In C99 and later, _Bool/bool is required to be an unsigned integer
type large enough to hold the values 0 and 1. Its size must be at
least CHAR_BIT bits (which is at least 8). The *rank* of _Bool is
less than the rank of all other standard integer types.

The rank implies that the range of values is a subset of the
range of values of any other unsigned integer type. The rank does
*not* imply anything about relative sizes. unsigned char has a
higher rank than bool, but bool could have additional padding bits
making sizeof(bool)>1. (Probably no implementation does this.)
unsigned char has no padding bits.

C11 implies that _Bool can have more than one value bit, which
means it could represent values greater than 1 (but no more than
0..UCHAR_MAX).

C23 (I'm using the N3096 draft) tightens the requirements, saying
that bool has exactly one value bit and (sizeof(bool)*CHAR_BIT)-1
padding bits -- again implying that sizeof(bool) might be greater
than 1, but forbidding values greater than 1.

Typically in C17 and earlier, and always in C23, _Bool/bool will
have exactly 1 value bit and CHAR_BIT-1 padding bits. Padding bits
do not contribute to the value of an object (so 0 and 1 are the
only possible values), but non-zero padding bits *may or may not*
create trap/non-value representations. (A gratuitously exotic
implementation might use a representation other than 00000001 for
true, but 00000000 is guaranteed to be a representation for 0/false.)

As far as I can tell, the standard is silent on whether a bool object
with non-zero padding bits is a trap/non-value representation or not.

I wrote a test program to explore how bool is treated. It uses
memcpy to set the representation of a bool object and then prints
the value of that object. Source is at the bottom of this message.

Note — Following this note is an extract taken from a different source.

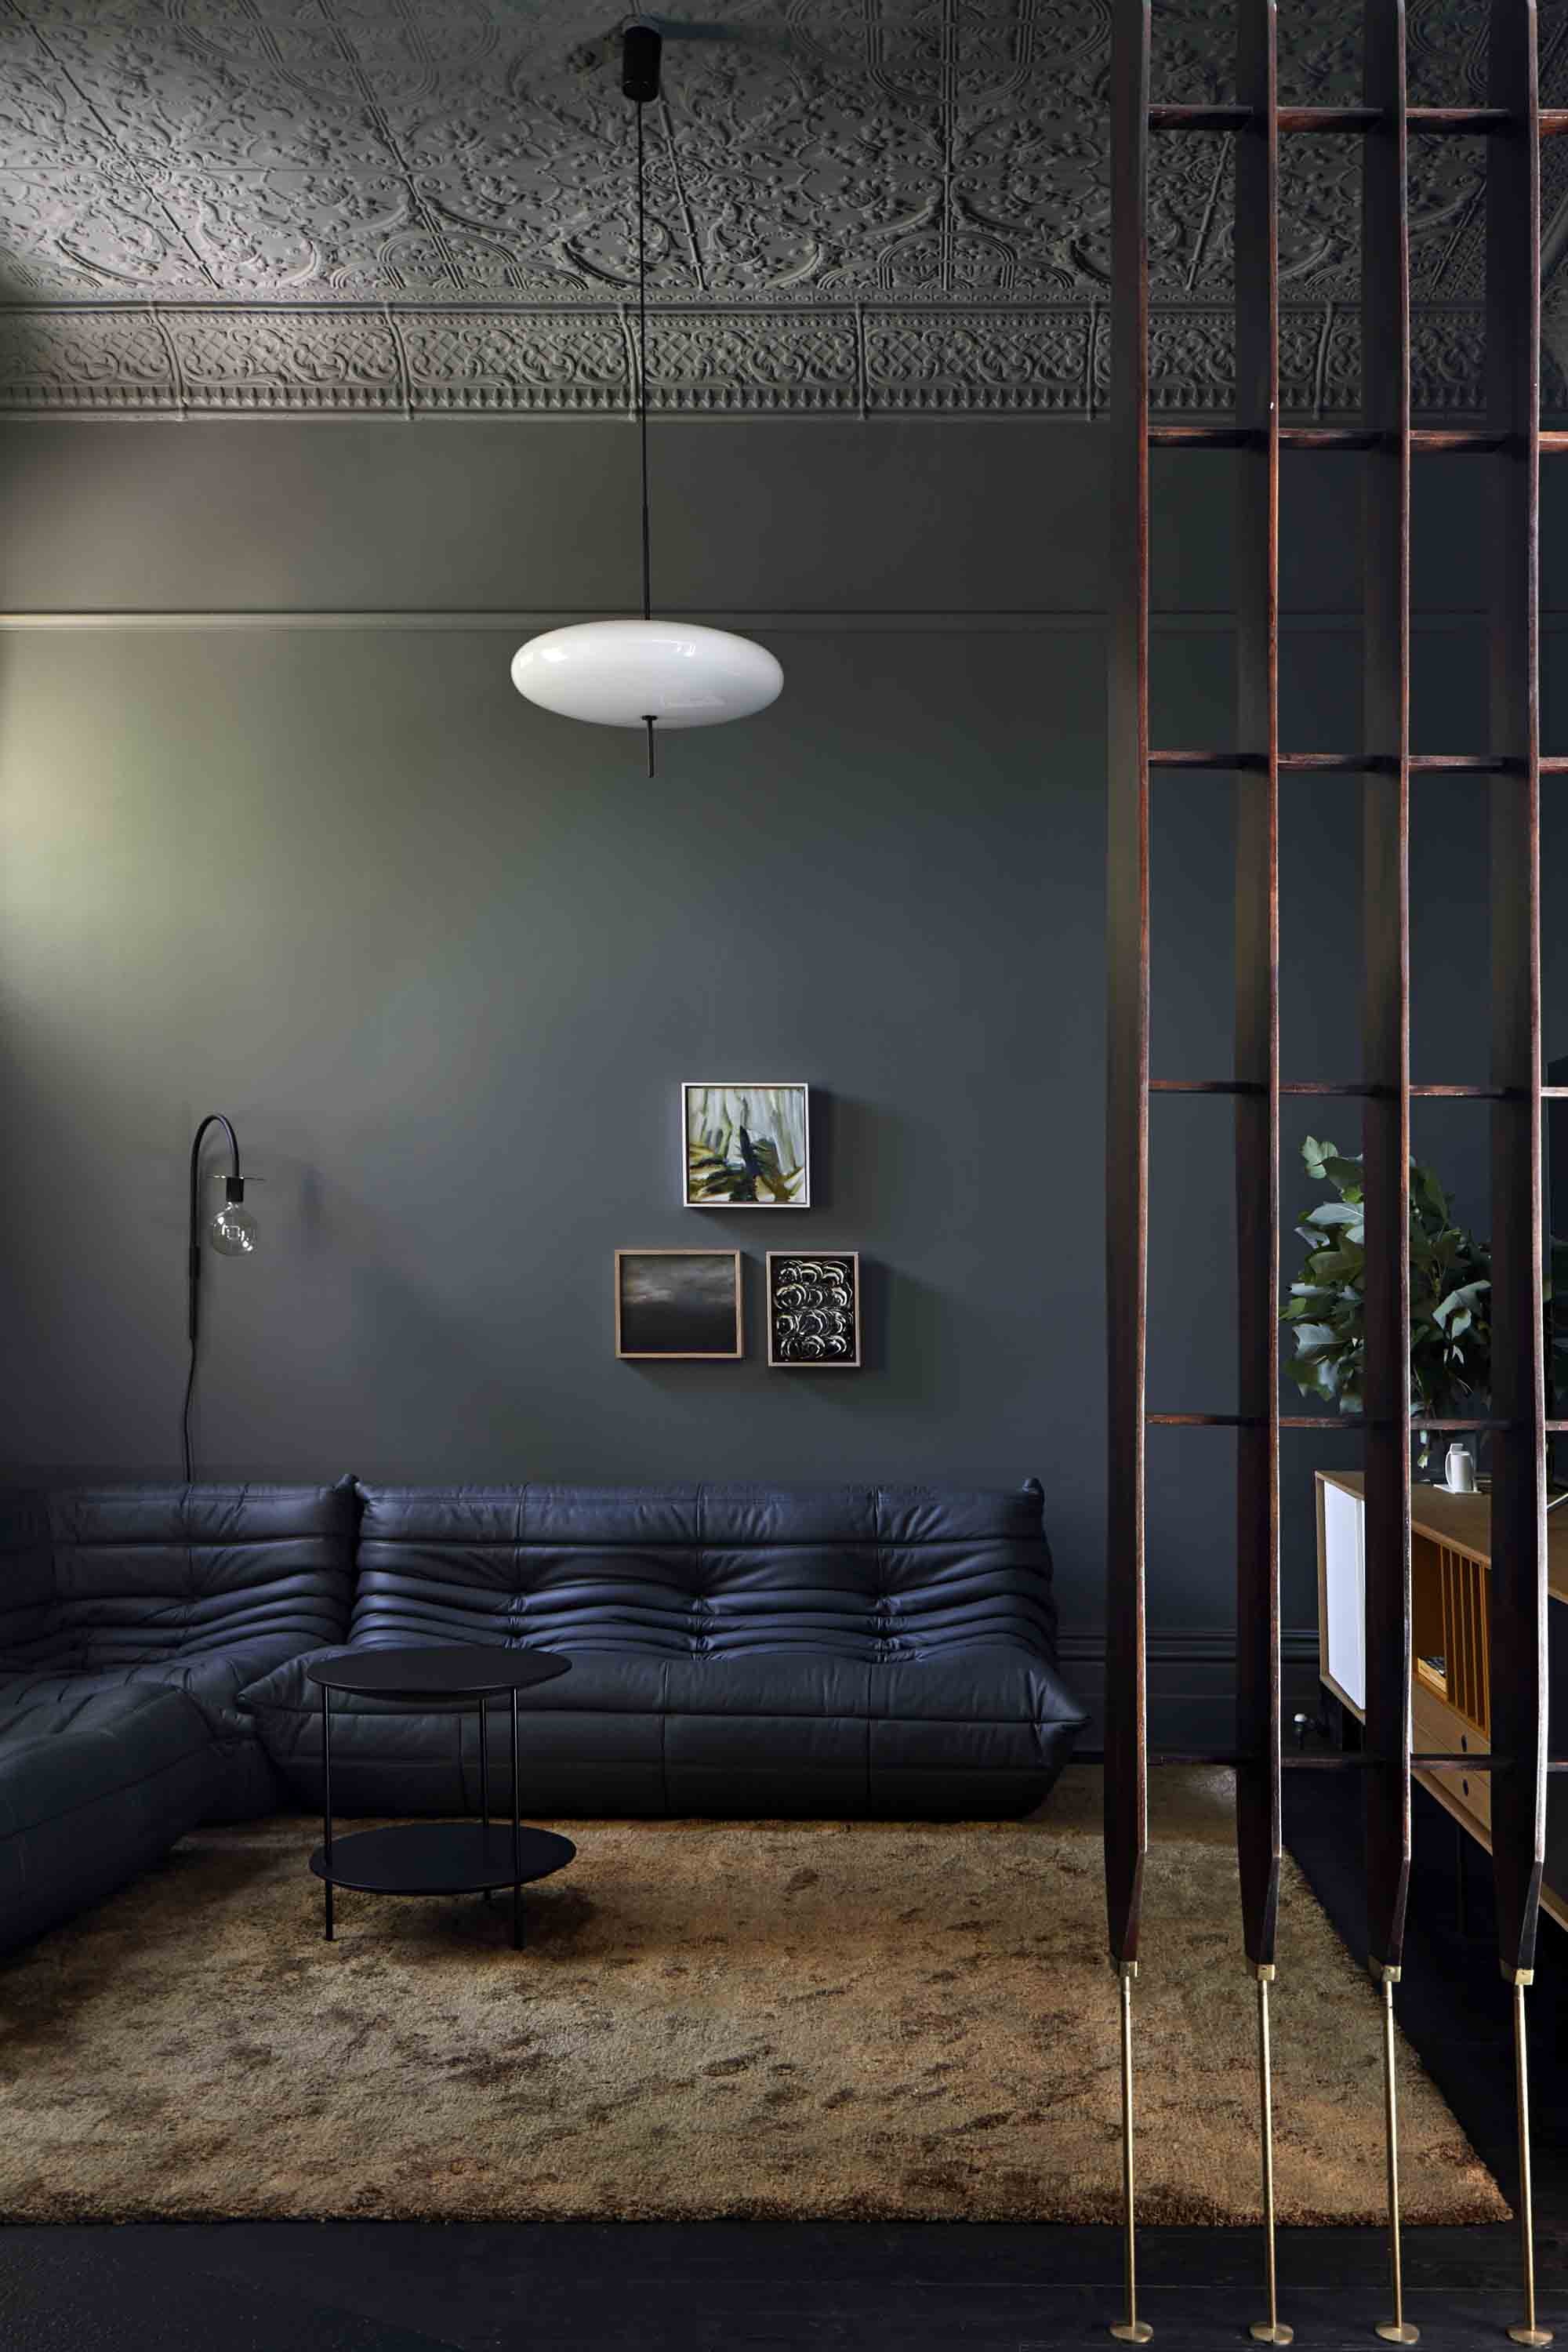 Décor do dia: sala de estar com estilo moderno e tons de preto (Foto: Shannon McGrath)
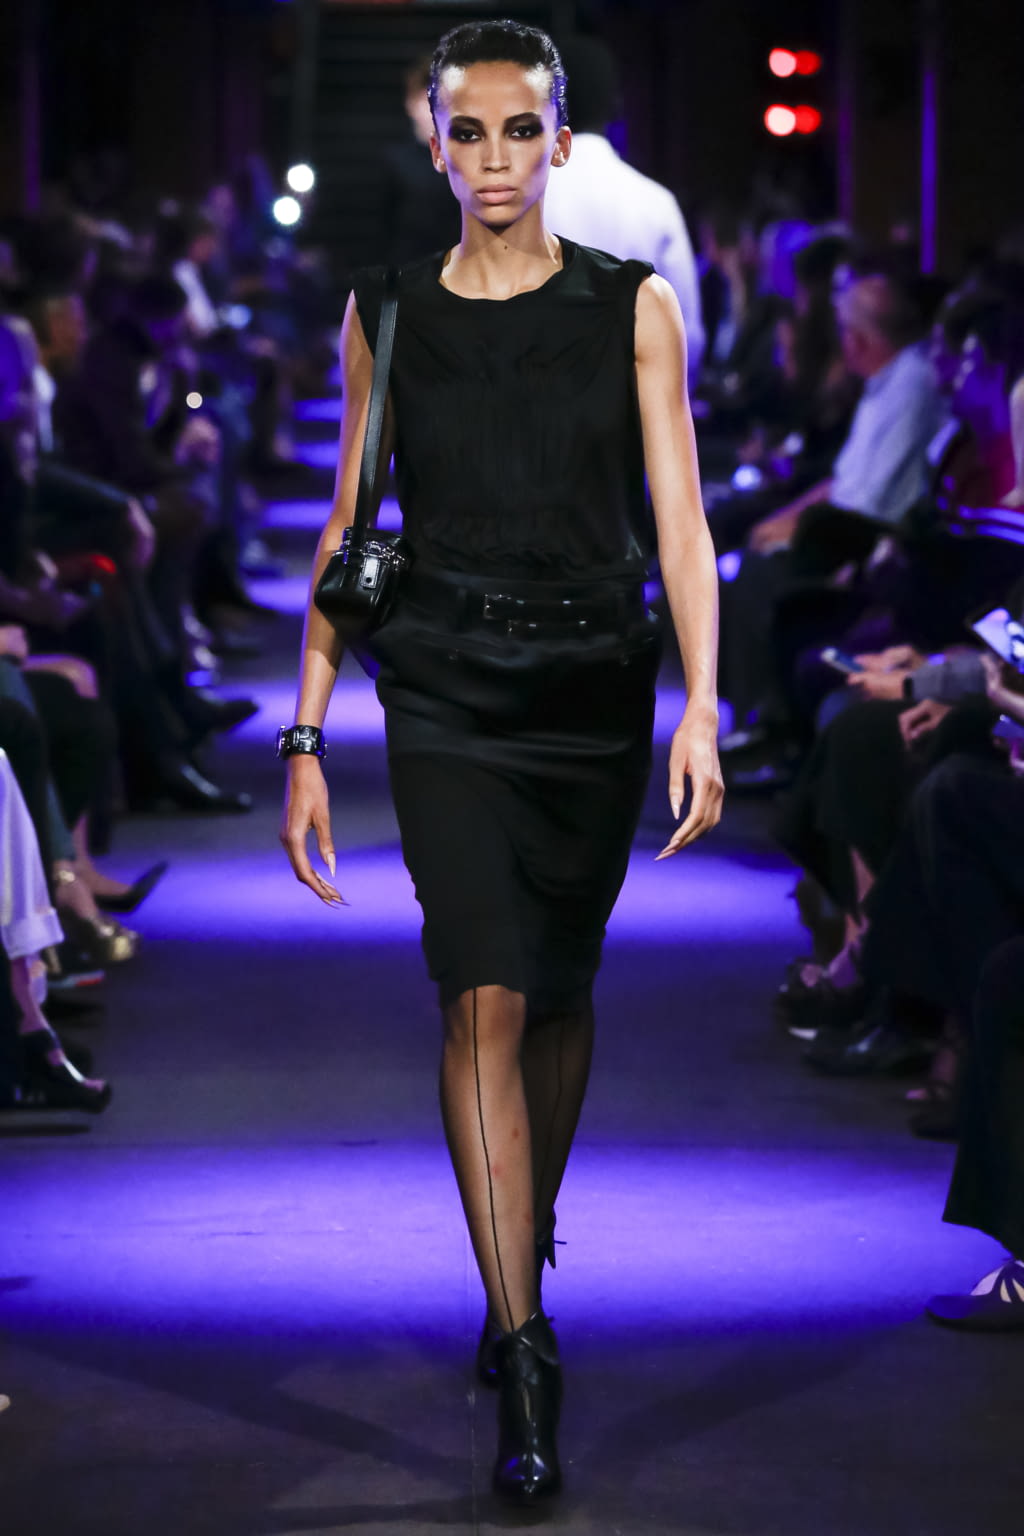 Louis Vuitton SS20 menswear #19 - Tagwalk: The Fashion Search Engine

If bool has no non-value representations, then the values of the
CHAR_BIT-1 padding bits must be ignored when reading a bool object,
and the value of such an object is determined only by its single
value bit, 0 or 1. If it does have non-value representations,
then reading such an object has undefined behavior.

With gcc 14.2.0, with "-std=c23", all-zeros is treated as false
when used in a condition and all other representations are treated
as true. Converting the value of a bool object to another integer
type yields the value of its full 8-bit representation. If a bool
object holds a representation other than 00000000 or 00000001,
it compares equal to both `true` and `false`.

This implies that bool has 1 value bit and 7 padding bits (as
required by C23) and that it has 2 value representations and 254
trap representations. The observed behavior for the non-value
representations is the result of undefined behavior. (gcc -std=c23
sets __STDC_VERSION__ to 202000L, not 202311L. The documentation
acknowledges that support for C23 is experimental and incomplete.)

With clang 19.1.4, with "-std=c23", the behavior is consistent
with bool having no non-value representations. The 7 padding bits
do not contribute to the value of a bool object. Any bool object
with 0 as the low-order bit is treated as false in a condition and
yields 0 when converted to another integer type,. Any bool object
with 1 as the low-order bit is treated as true, and yields 1 when
converted to another integer type. I presume the intent is for bool
to have 256 value representations and no non-value representations
(with the padding bits ignored as required), but it's also consistent
with bool having non-value representations and the observed behavior
being undefined. It's not possible to determine with a test program
whether the output is the result of undefined behavior or not.

As far as I can tell, the question of whether bool has non-value
representations is unspecified but not implementation-defined,
meaning that an implementation is not required to document its
choice.

#include <stdio.h>
#include <string.h>
#include <limits.h>
#if __STDC_VERSION__ < 202311L
#include <stdbool.h>
#endif
int main() {
printf("__STDC_VERSION__ = %ldL\n", __STDC_VERSION__);
#if __STDC_VERSION__ < 202311L
puts("Older than C23, using <stdbool.h>");
#else
puts("C23 or later, using bool directly");
#endif
printf("sizeof (unsigned char) = %zu, sizeof (bool) = %zu\n",
sizeof (unsigned char), sizeof (bool));

const bool no = false;
const bool yes = true;
unsigned char uc;
memcpy(&uc, &no, 1);
printf("false is represented as %d\n", (int)uc);
memcpy(&uc, &yes, 1);
printf("true is represented as %d\n", (int)uc);

for (int i = 0; i <= UCHAR_MAX; i ++) {
const unsigned char uc = i;
bool b;
memcpy(&b, &uc, 1);
const unsigned char value = b;
printf("uc = 0x%02x b = 0x%02x b is %s, b%sfalse, b%strue\n",
(unsigned)uc,
value,
b ? "truthy" : "falsy ",
b == false ? "==" : "!=",
b == true ? "==" : "!=");
}
}

Hi Kaz,

Sorry for the confusion, I am new to the platform and had not realised
that I needed to quote Keith's post in my text.
Thanks, I was wondering about this.
It is not documented (see this thread for GCC:
https://gcc.gnu.org/bugzilla/show_bug.cgi?id=88662). But I think it can
be inferred from the code snippets in Keith's OP and most recent post.
GCC seems to treat all object representations of `_Bool` other than
0b00000000 and 0b00000001 as trap/non-value representations.
I am not sure about Clang, but compiling the last snippet in this
article:
https://www.trust-in-soft.com/resources/blogs/2016-06-16-trap-representations-and-padding-bits with
Clang 19.1.0 and options "-std=c23 -O3 -pedantic" seems to show that
Clang treats `_Bool` as having 254 non-value representations (see here:
https://gcc.godbolt.org/z/4jK9d69P8).
Thank you, I really appreciate you taking the time to reply.

--